Adventist education is a core value of the Seventh-day-Adventist Church. From our very beginnings, we have recognized that education must be key in our strategy to minister to the whole person: physically, mentally, emotionally and spiritually. This understanding has led us to develop a seamless system from preschool on through graduate levels of higher education. Our relatively small denomination supports the largest Protestant parochial school system in the world.
Recent research confirms that our students score significantly higher than national norms in every subject at every grade level across the board.
Why would this be so? The first reason is that a faith-based system enjoys the blessing of God in a special way that cannot be duplicated. Every school and every teacher is prayed over on a daily basis. Students have the privilege to begin and end the day with God. The added value of this spiritual emphasis goes well beyond academic achievement. Our Christian worldview seen within the context of the Great Controversy affects everything we teach and study, in every subject of the curriculum. We recognize that every student is created by God with unique potential and a particular place to contribute to God's plan.
Nowhere in public education is the worth of an individual recognized as originating from the hand of a beneficent Creator God, that we were born with a reason for our existence, and that there is a work for us to do — one that no one else was created to fill!
Adventist education prepares young people to become pastors and teachers, doctors and nurses, engineers, IT professionals, and almost any career you could think of, who can provide the leadership the church needs to fulfill its mission. This Adventist perspective can be learned in no other environment than in our school system, which, by the way, is fully accredited, offering credible degrees accepted by all organizations.
Finally, Adventist education is deserving of our full support. The subsidies provided by the church at every level are investments in the future of our mission. They are dollars well-spent.

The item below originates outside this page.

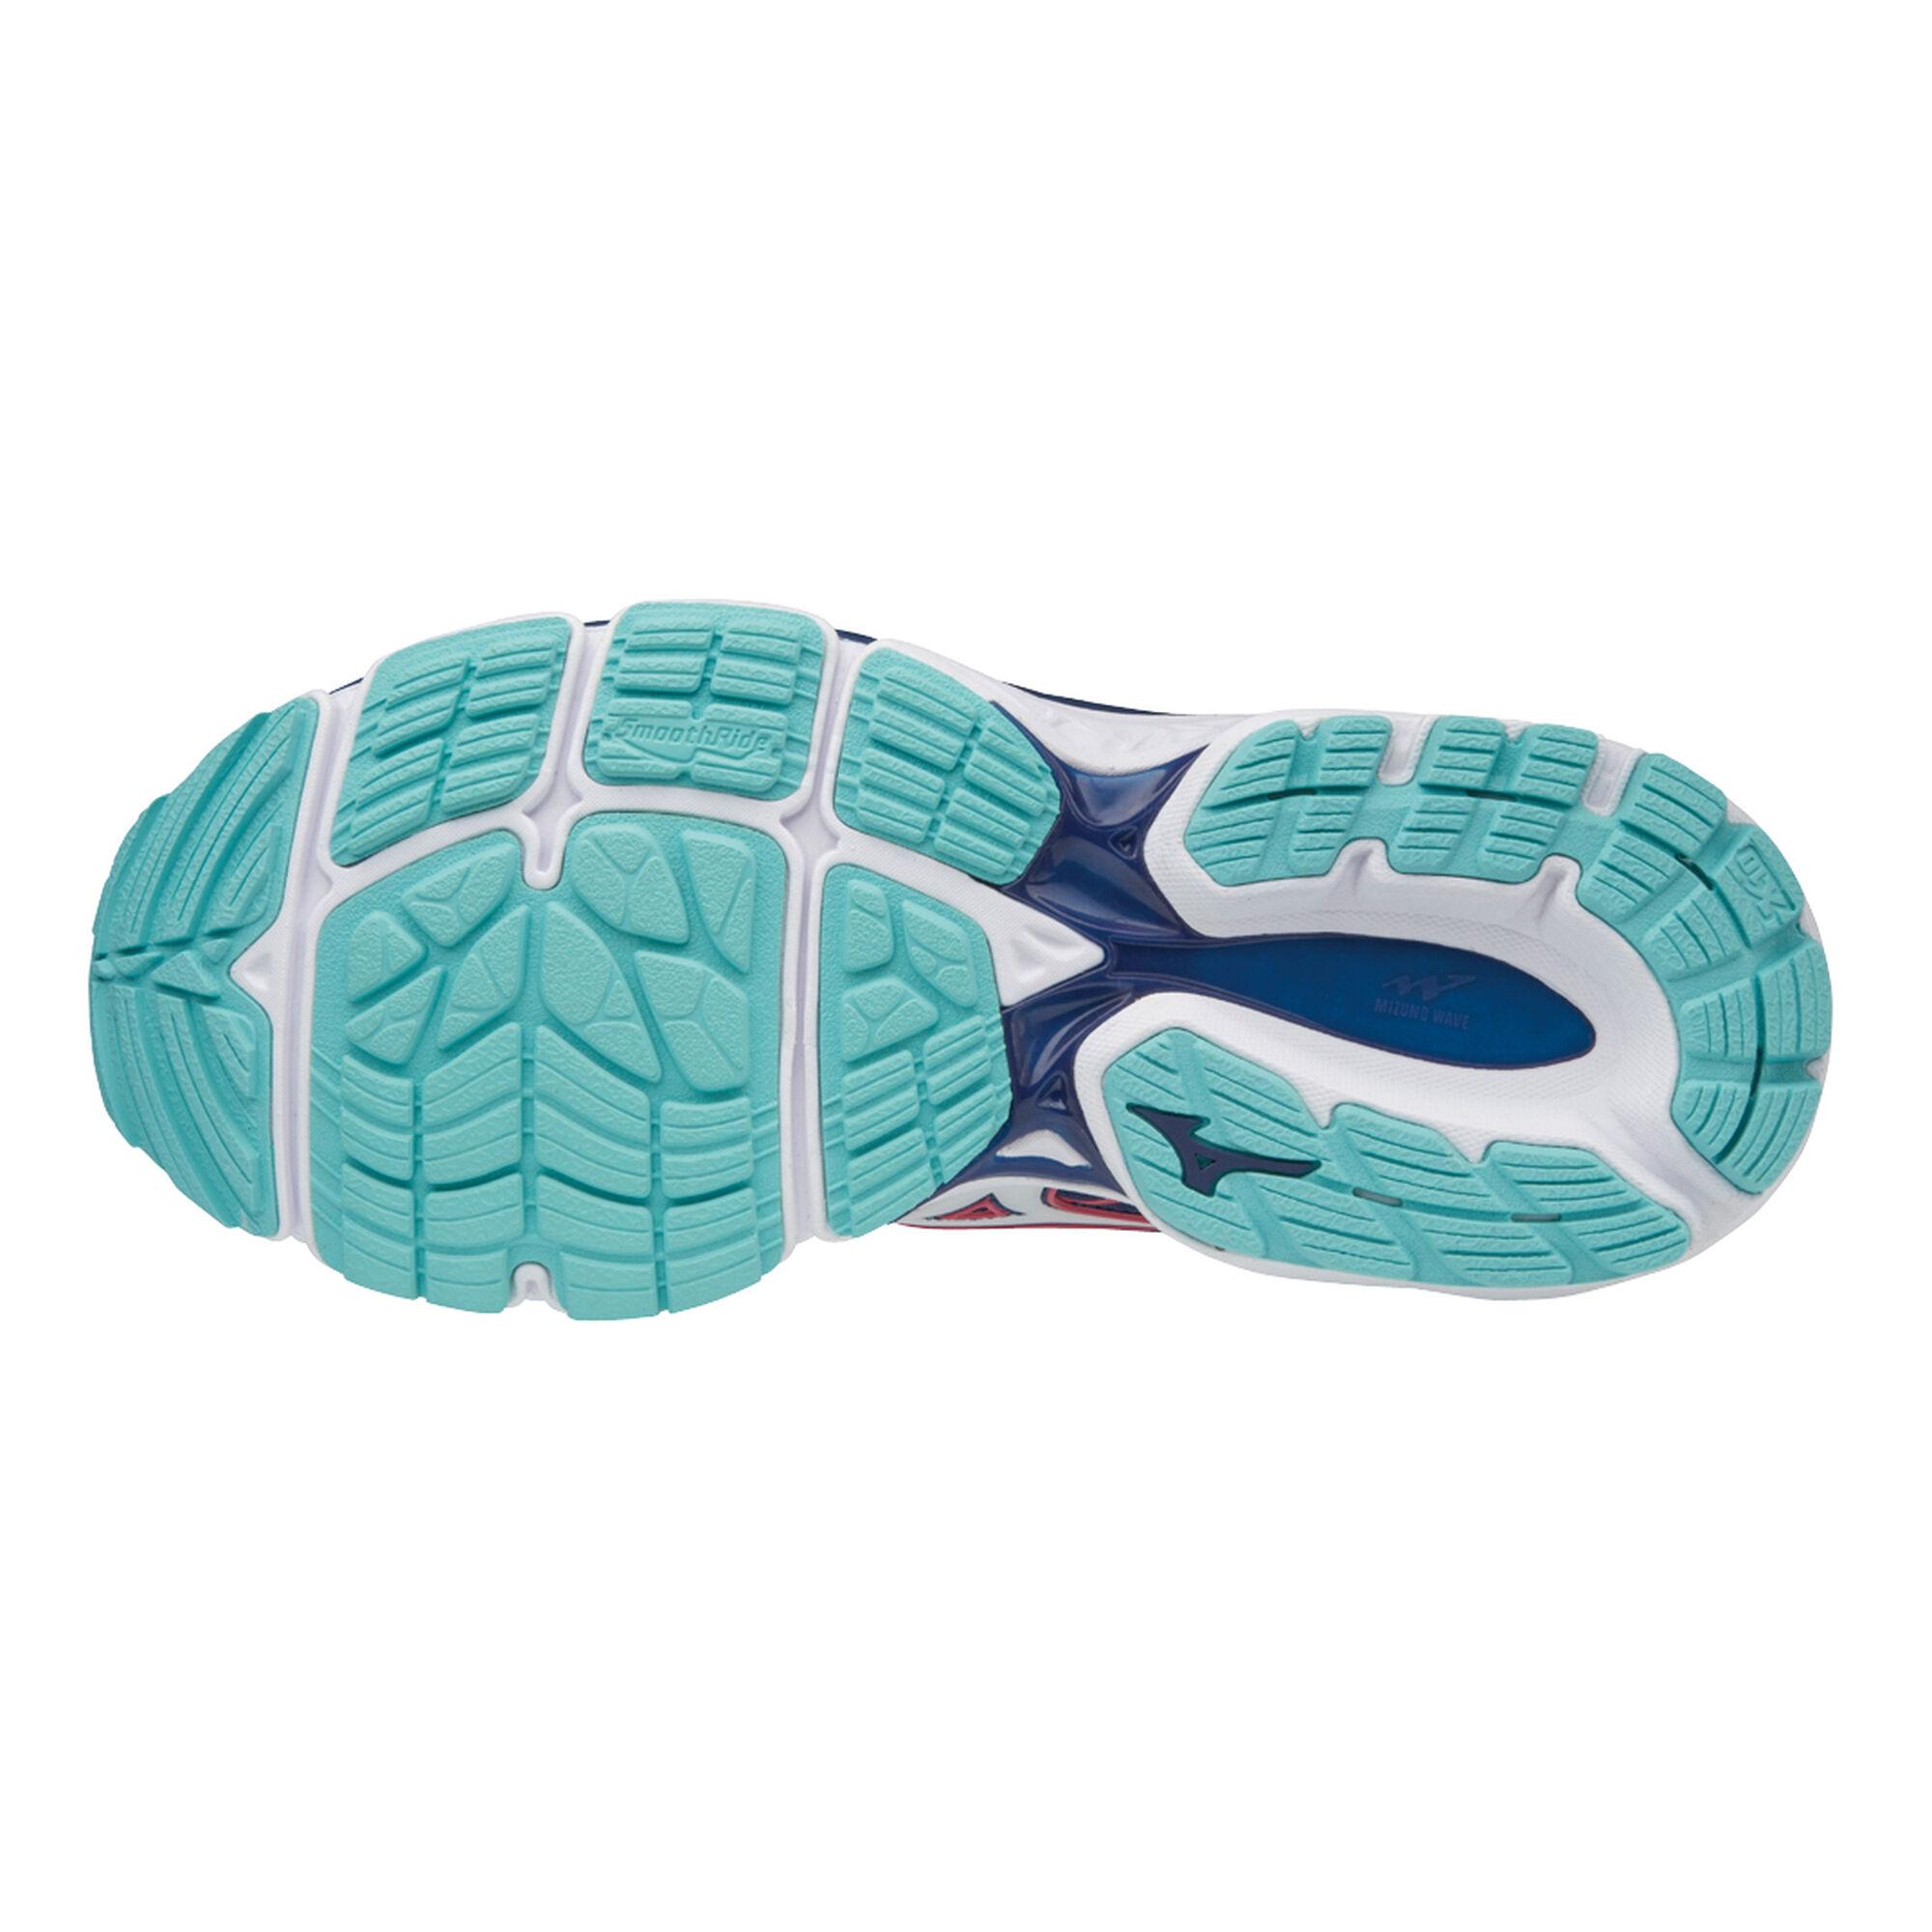 0585b73f7 buy Mizuno Wave Inspire 14 Stability Running Shoe Women - Red, Dark ...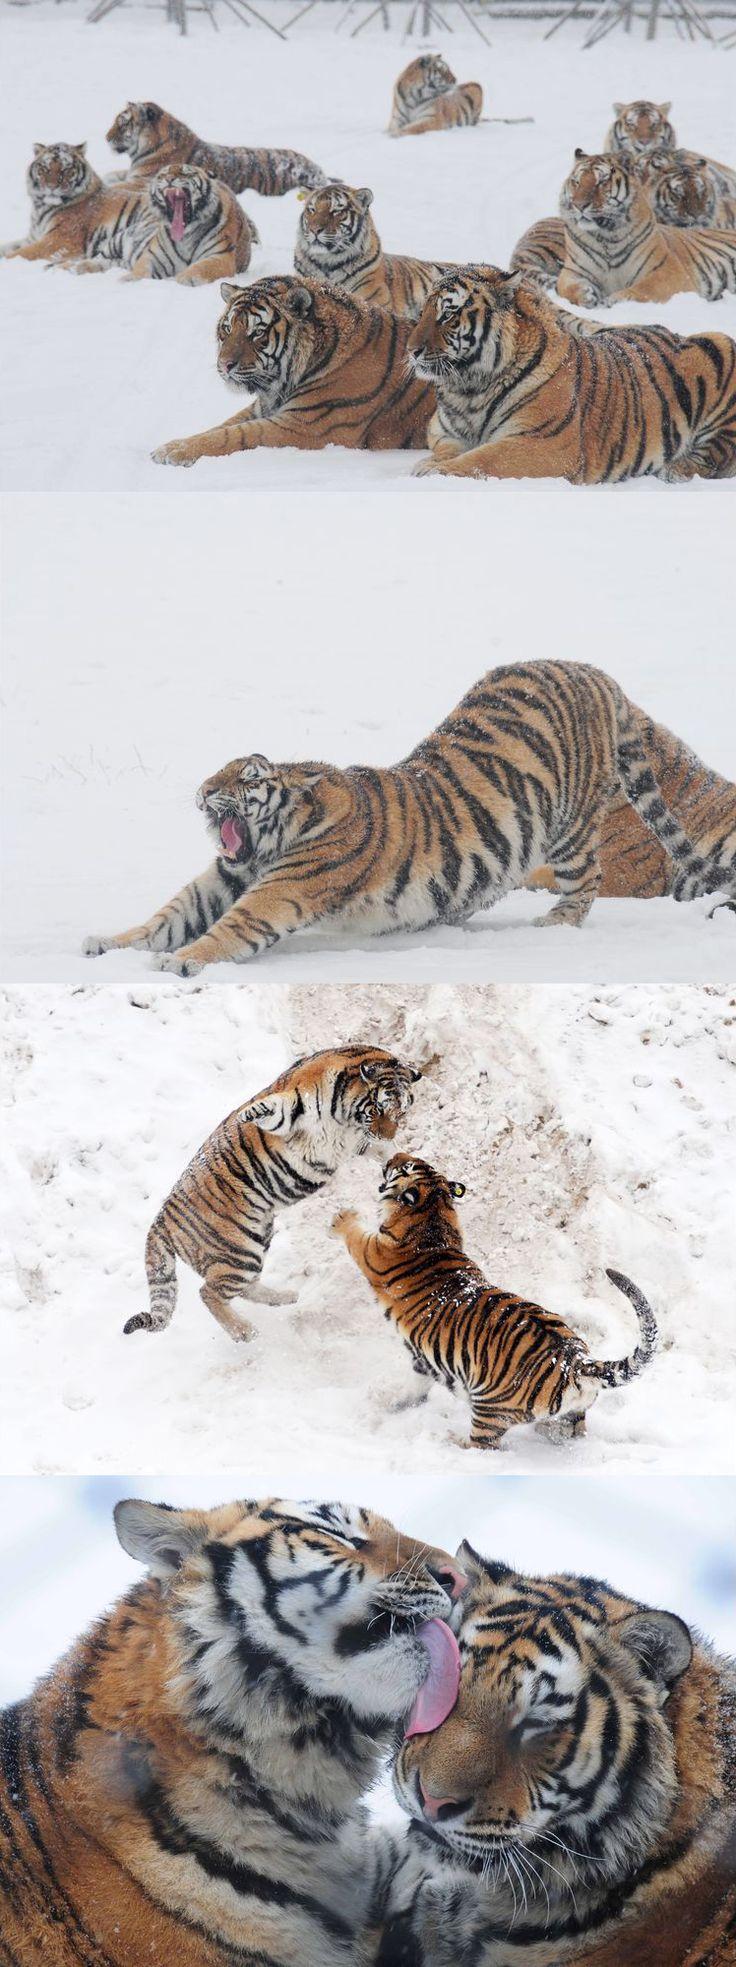 La majesté des tigres de Sibérie - C'était le roi de la Primorie, vaste région aujourd'hui administrée par la Russie qui a la particularité d'être une jungle froide. Le tigre dit de Sibérie, ou tigre de l'Amour, du nom du fleuve gigantesque qui coupe la région en deux, est l'un des plus gros félins au monde - et hélas l'un des plus en danger - on en compterait entre 500 et 600 spécimen, repartis entre la Chine, la Russie et la péninsule coréenne.

I began my Adventist education in a one-room school in North Dakota, in the basement of the Jamestown Adventist Church. I was one of 20 children in that eight-grade school. Mrs. Rau, our teacher, skillfully managed the challenge and set the tone for the rest of my academic life. I never felt disadvantaged because I went to a small school. In fact several years later I gave tribute to Mrs. Rau as part of the valedictory address to my academy class.
Adventist education costs. It costs a lot. But it pays so much more. May God give us the heart to send our own children to His schools and to support those who are struggling to do the same.